I’ll describe my harrowing plunge into the business world, and how passion isn’t enough. Building a culture of change and transformation into your business model isn’t optional. It’s mission-critical.

Weathering The Storm
These are challenging times for businesses, large and small. From outsourcing and automation to the destructive gales of the Internet, the risks to existing business models have never been greater. How can any company employ entrepreneurial habits and plant new seeds to insure continued expansion and long-term prosperity? Douglas shares some his eye-opening experiences launching 6 Minnesota companies in the last 20 years to show how a company’s employees can think and act like entrepreneurs, how this “intra-prenurial” mind-set is critical for continued growth & success in the 21stcentury.

Amish Doppler
Weather is a metaphor for life, storms of change, severe threats that emerge suddenly, high-pressure situations that demand flexibility and creative thinking. Paul Douglas has found a way to turn his passion (weather) into a string of successful companies.

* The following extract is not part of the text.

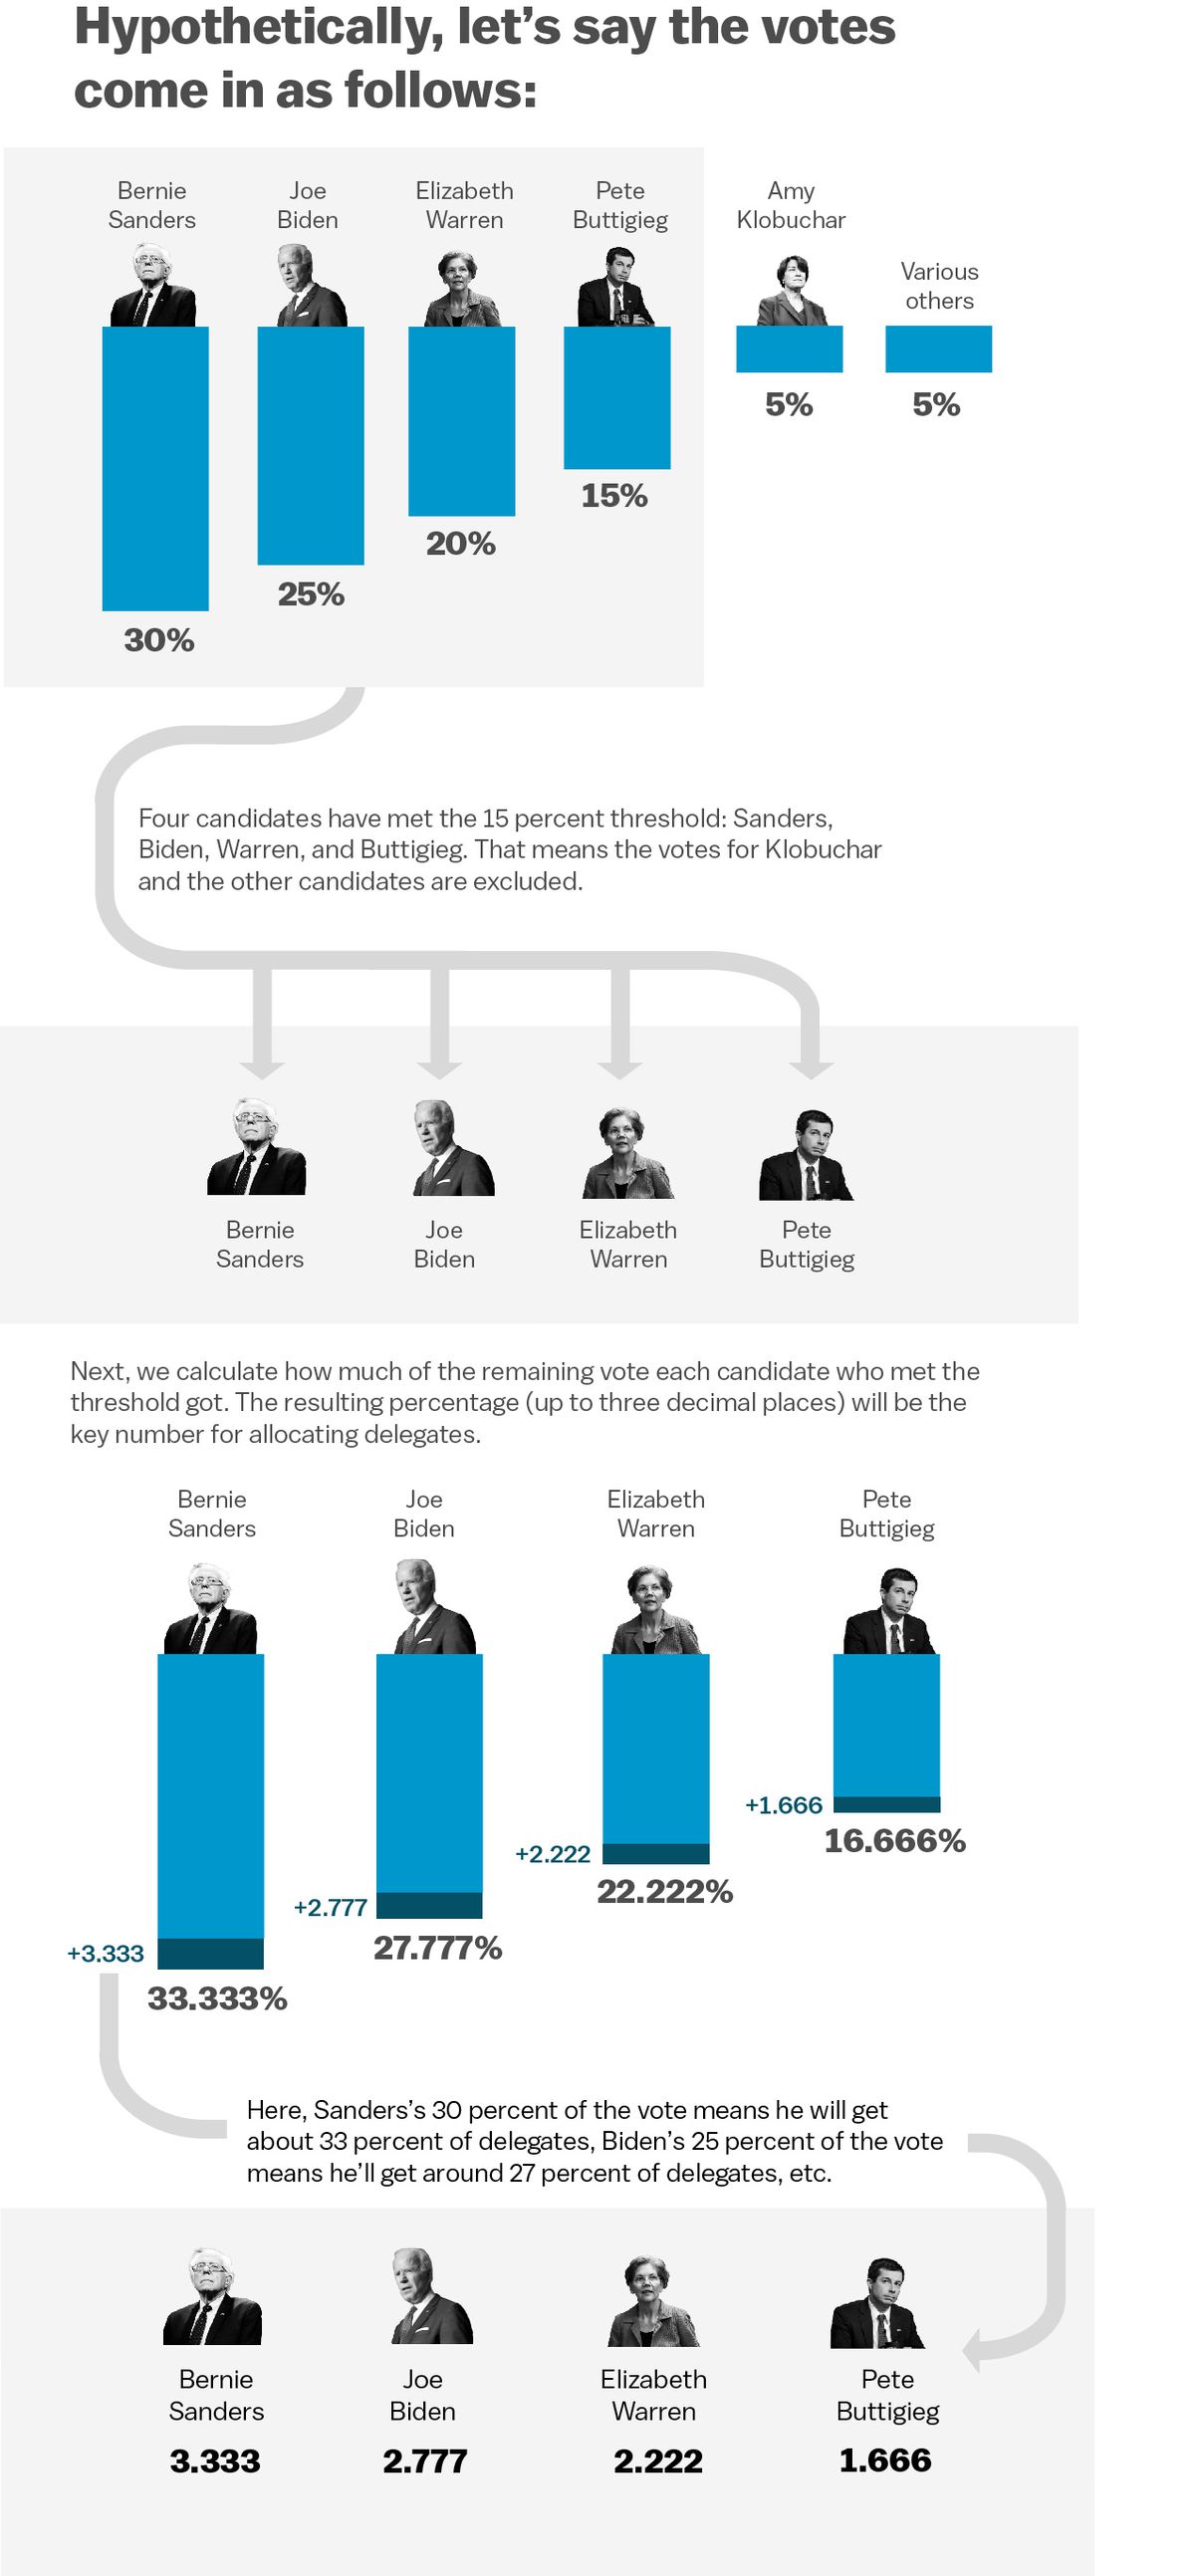 A flow chart showing a hypothetical tally of votes for candidates Bernie Sanders, Joe Biden, Elizabeth Warren, Pete Buttigieg, Amy Klobuchar and others. In this tally, Klobuchar does not meet the 15 percent threshold and is not eligible to get any delegates.

Douglas has turned the old adage, “everyone has at least one book in them” into “everyone has at least one start-up company in them!” The forecast calls for fewer people thinking like “employees” and more people becoming “owners”, using their skills, turning their passions into successful start-up companies.

Climate Change: Hype, Hoax or Scientific Reality?
There is so much disinformation out there today about climate change. Is the atmosphere truly warming, and if so – why should we care? Douglas examines the controversy from the standpoint of a meteorologist who has been witnessing profound changes in weather over the last 20 years, documented in his national best-seller, “Restless Skies”. Is there a connection between climate change and extreme weather? In the wake of “ClimateGate” and confusing headlines, it’s more critical than ever to get to the truth about what’s really going on, and why this slow-motion climate transformation may be one of the 3 biggest ongoing stories of the 21st century.